The Red Funnel ships carry a Chief and Motorman ( I think ), same as Lymington. When I'm in Lymington, I am not engine room based, but the alarms ring in my cabin and the bridge - so I can always be in touch. When I have had an overspeed coming into Yarmouth, I have always managed to start the engine long before any problems could arise.


----------



## billyboy (Jul 6, 2005)

traveled on that ferry a few times. my guess would be some kind of control failure. last time i rode on her it was hard to tell we had docked as the captain is so used to it. be interesting to hear the findings on this one.


----------



## R58484956 (Apr 19, 2004)

Bow ramps/doors pushed back so far that the ambulance just inside the doors is LIKELY to be a write off ACCORDING TO THE LOCAL EVENING NEWS


----------



## Pompeyfan (Aug 9, 2005)

She is at the Windward Terminal according to Radio Solent, and all vehicles off. I have not heard that the ambulance was damaged, but you could see it through the bow doors. Ferries are now coming into 25 berth Eastern Docks I am told. David


----------



## newda898 (Jun 23, 2005)

There was an accout on the Yahoo Ferries of Northern Europe group by Matthew Punter who was onboard at the time:



> Hi all,
> 
> On Friday, I travelled to the Solent in order to catch PONT L'ABBE's first weekend in service and thought I'd pass the time during the day with lunch in Cowes courtesy of Red Funnel. As (bad) luck would have it, I opted to return on the 1455 from Cowes which ended with the crash at Town Quay.
> 
> ...


----------



## Pompeyfan (Aug 9, 2005)

The master and mate of the Red Falcon have been suspended on full pay while inquiries are carried out. David


----------



## Pompeyfan (Aug 9, 2005)

Update on Red Falcon. The local Island newspaper which comes out once a week has a full report on the accident. An earlier report saying the ambulance is a write off was wrong, but a van looks to be an insurance write off. The owner who suffered whiplash had just returned to the van and had not put his seat belt on when all of a sudden there was an almightly crash and the van catipulted forward underneath the lorry in front. He is self-employed and uses the van for removal and landscape gardening meaning he can't work at the moment. 

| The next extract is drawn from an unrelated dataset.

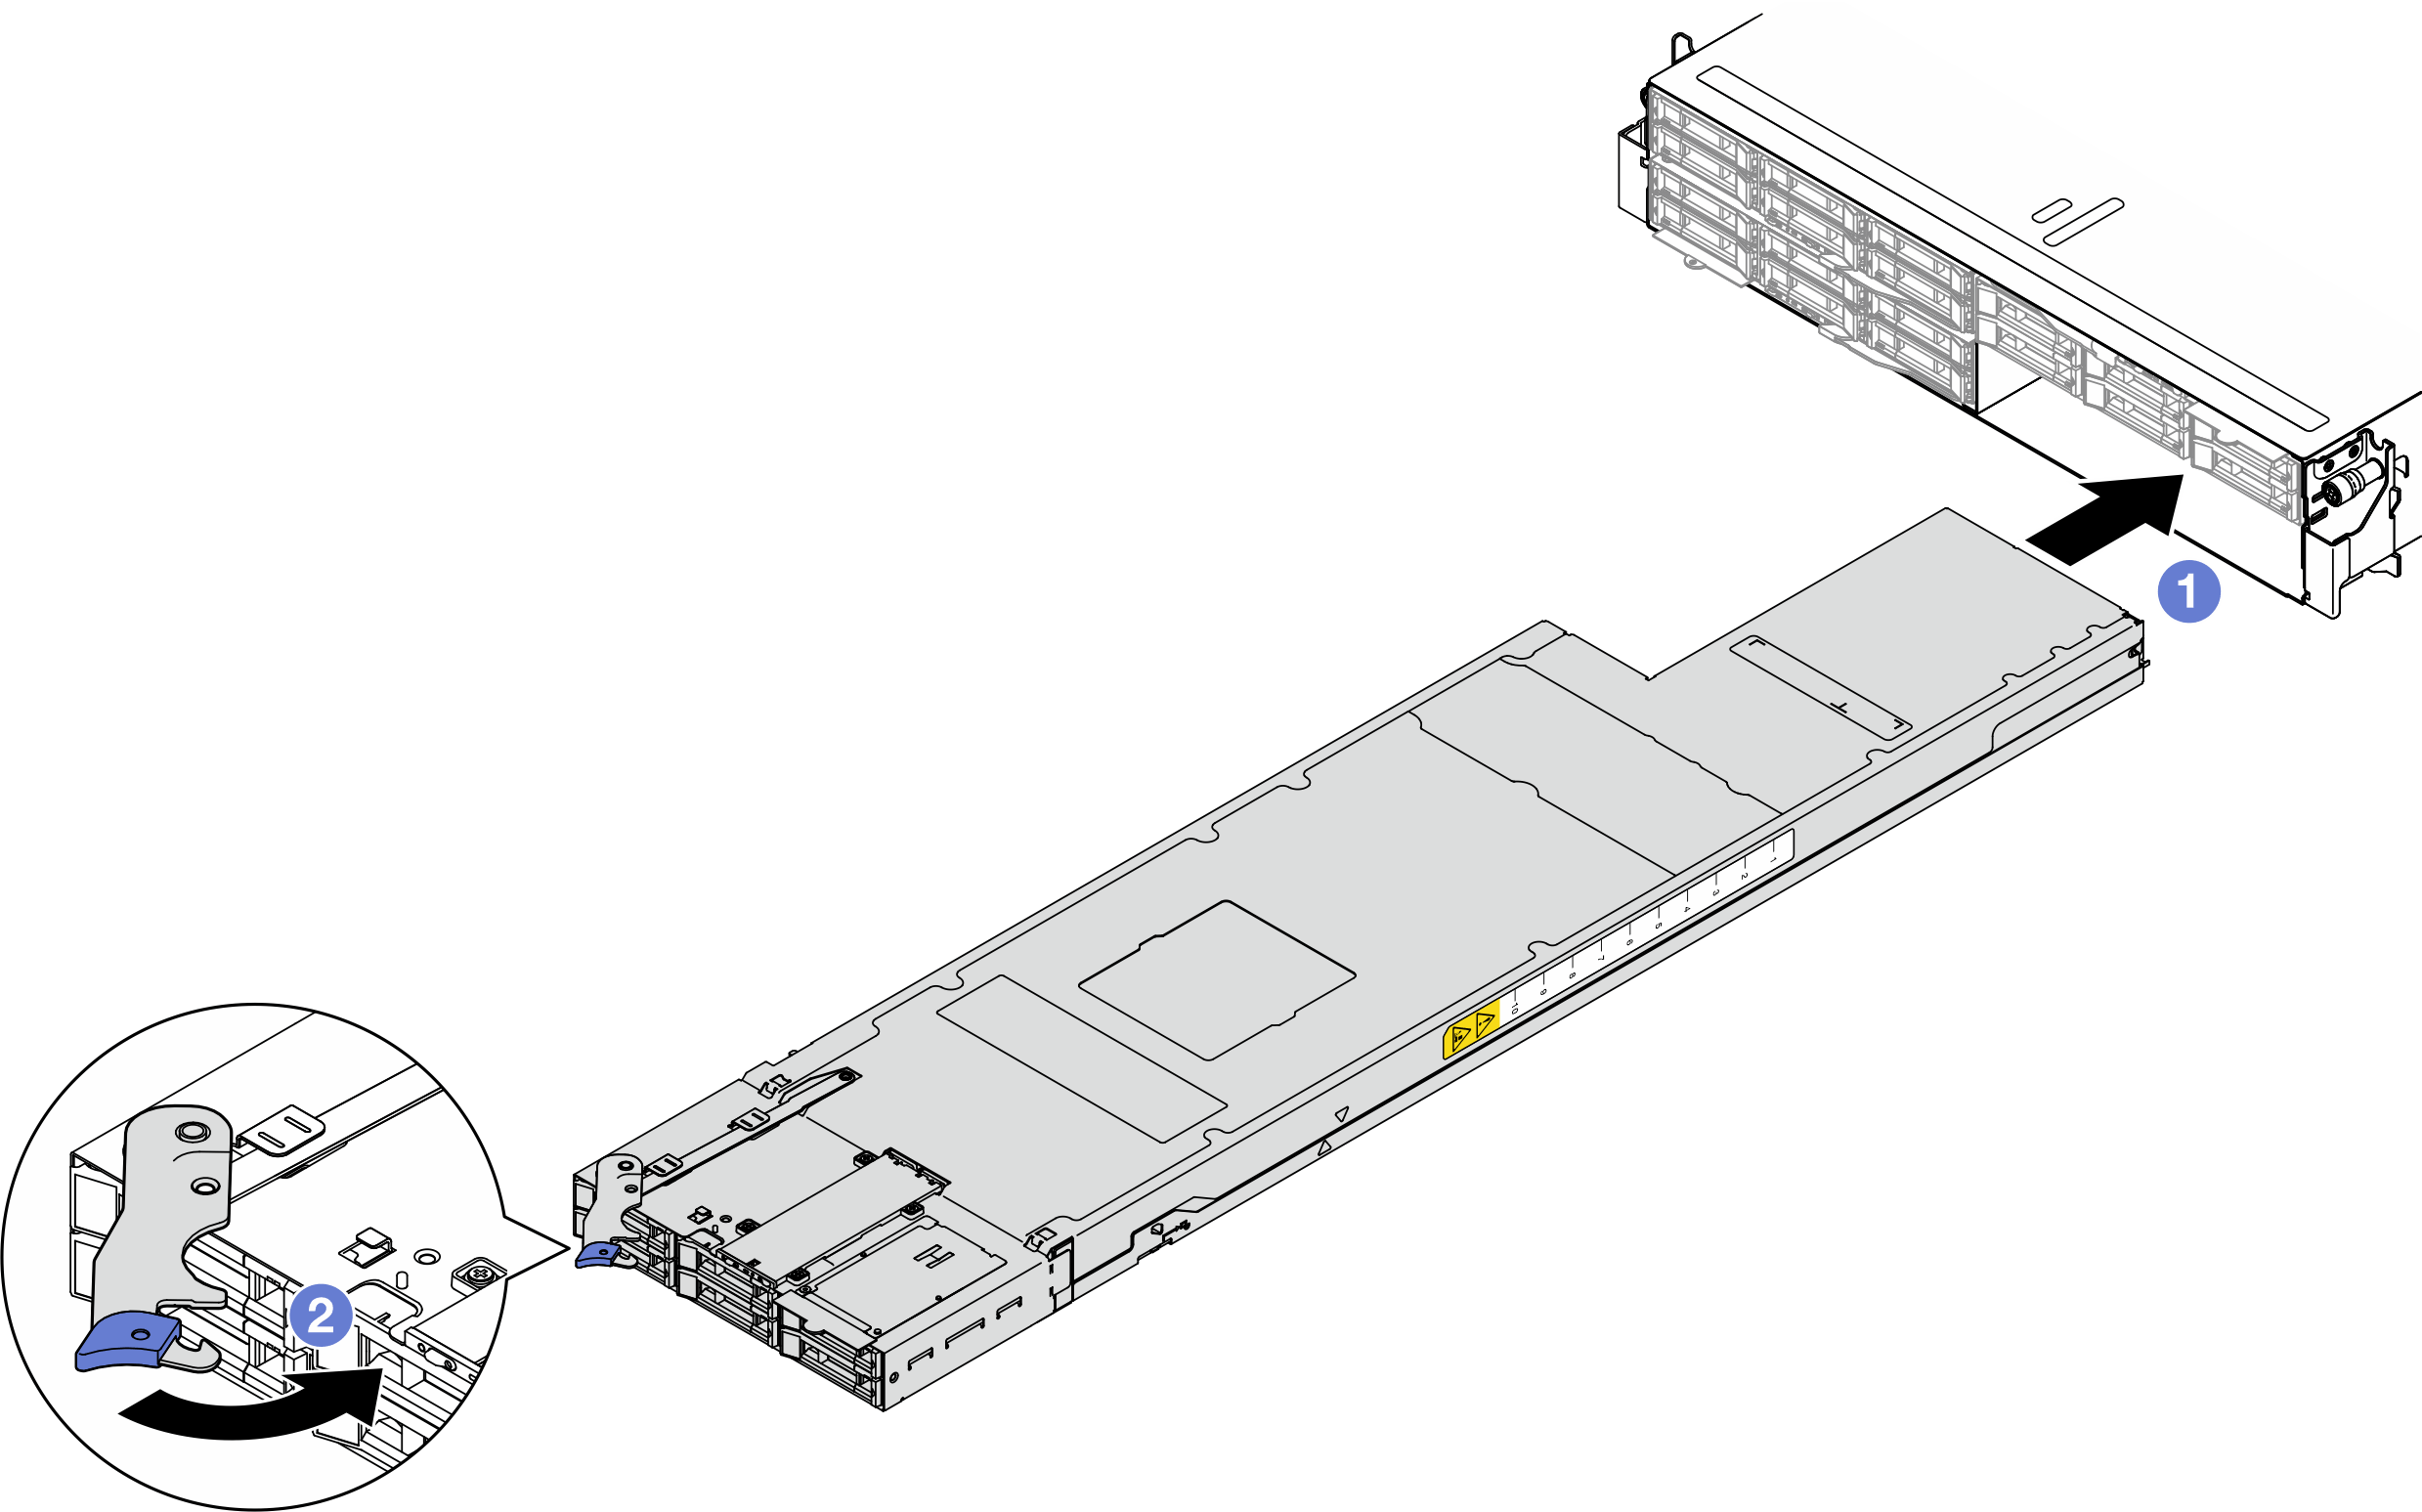 Node installation to a right tray

Red Funnel are expecting up to 30 claims from people who were either injured or vehicles damaged. Services were reduced to 45 per cent with Red Eagle being recalled from refit to restore normal timetables, although docking still had to take place at Dock Gate 4, closer to Ocean Village. 

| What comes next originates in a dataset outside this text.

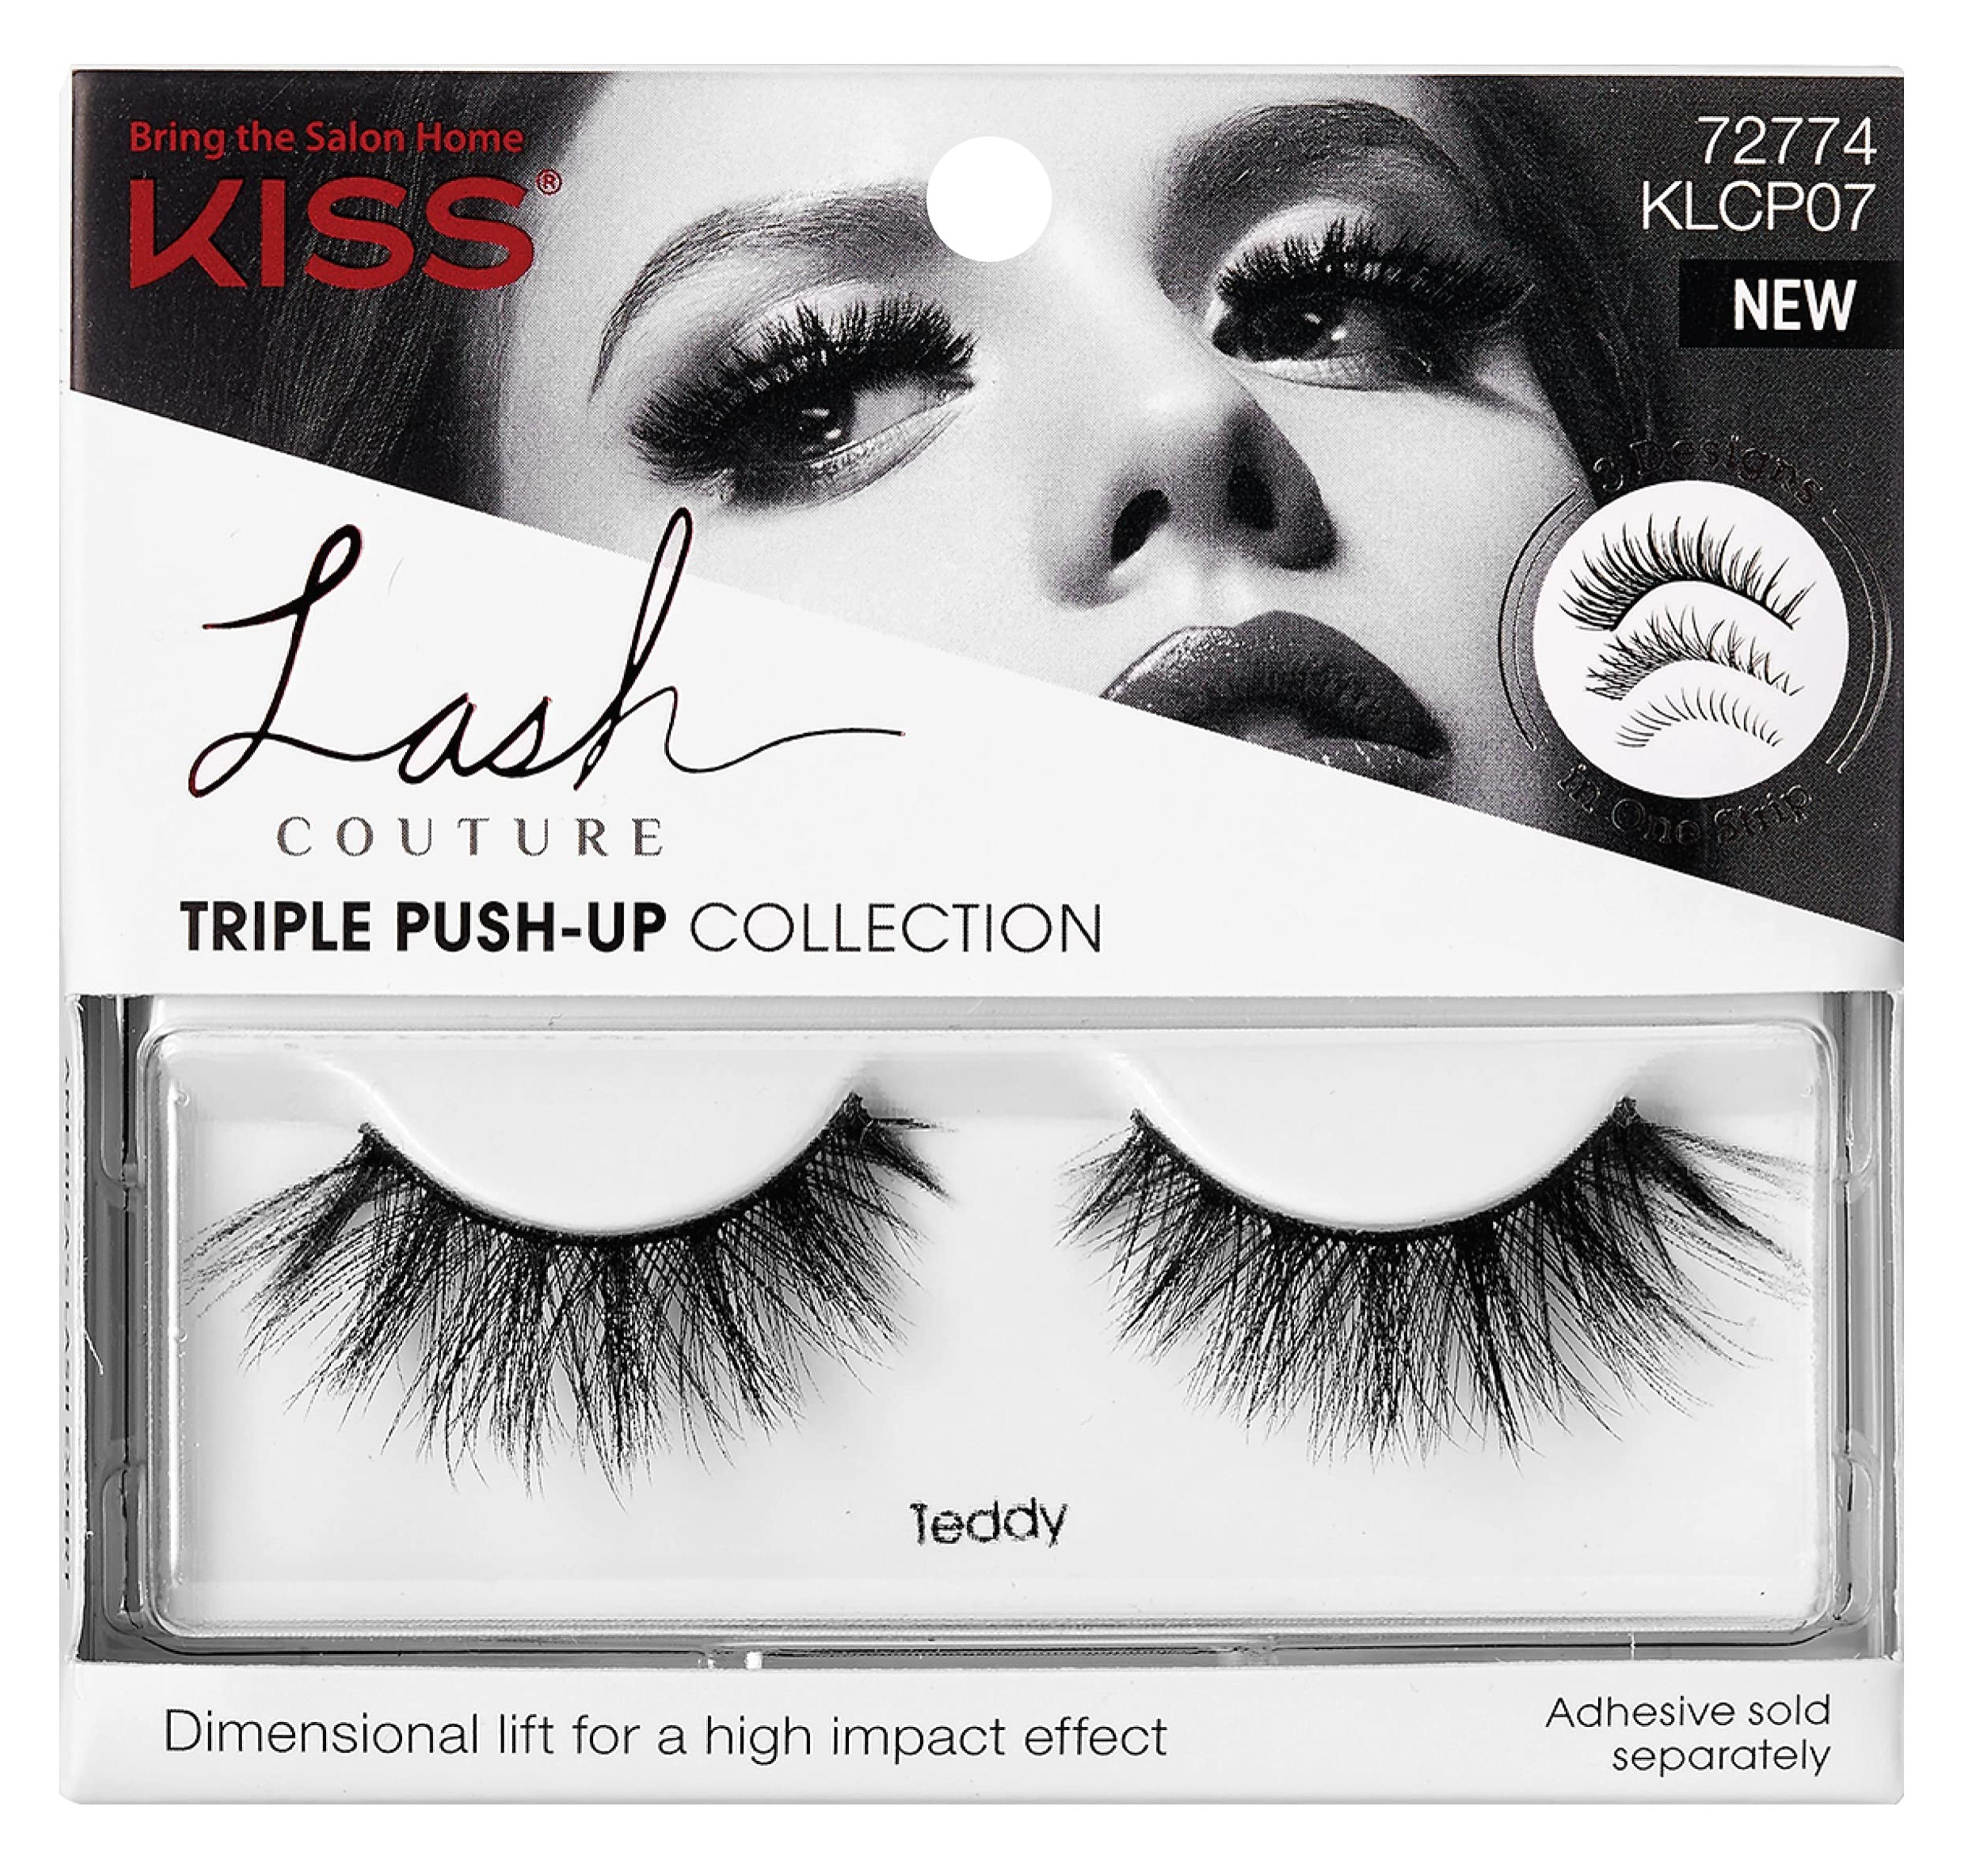 KISS Lash Couture Triple Push Up Collection, 3D Volume False Eyelashes with Triple Design Technology, Multi-Angles & Lengths, Cruelty-Free, Contact Lens Friendly, and Reusable, Style Teddy, 1 Pair

Red Funnel said that only three or four of the 57 cars on board appeared to have been damaged. Red Funnel said it was standard procedure for the master and mate to be suspended pending the MAIB inquiry. 

A spokesman for MAIB said it was investigating why the accident happened and it would be a few weeks before a full report was ready.

The Red Falcon is being repaired in Southampton and could be back in servive by the end of the month.

Red Funnel said that the linkspan was lifted out on Tuesday. Once the damage assessment had been made, they will know how long it will take before they can move it back. 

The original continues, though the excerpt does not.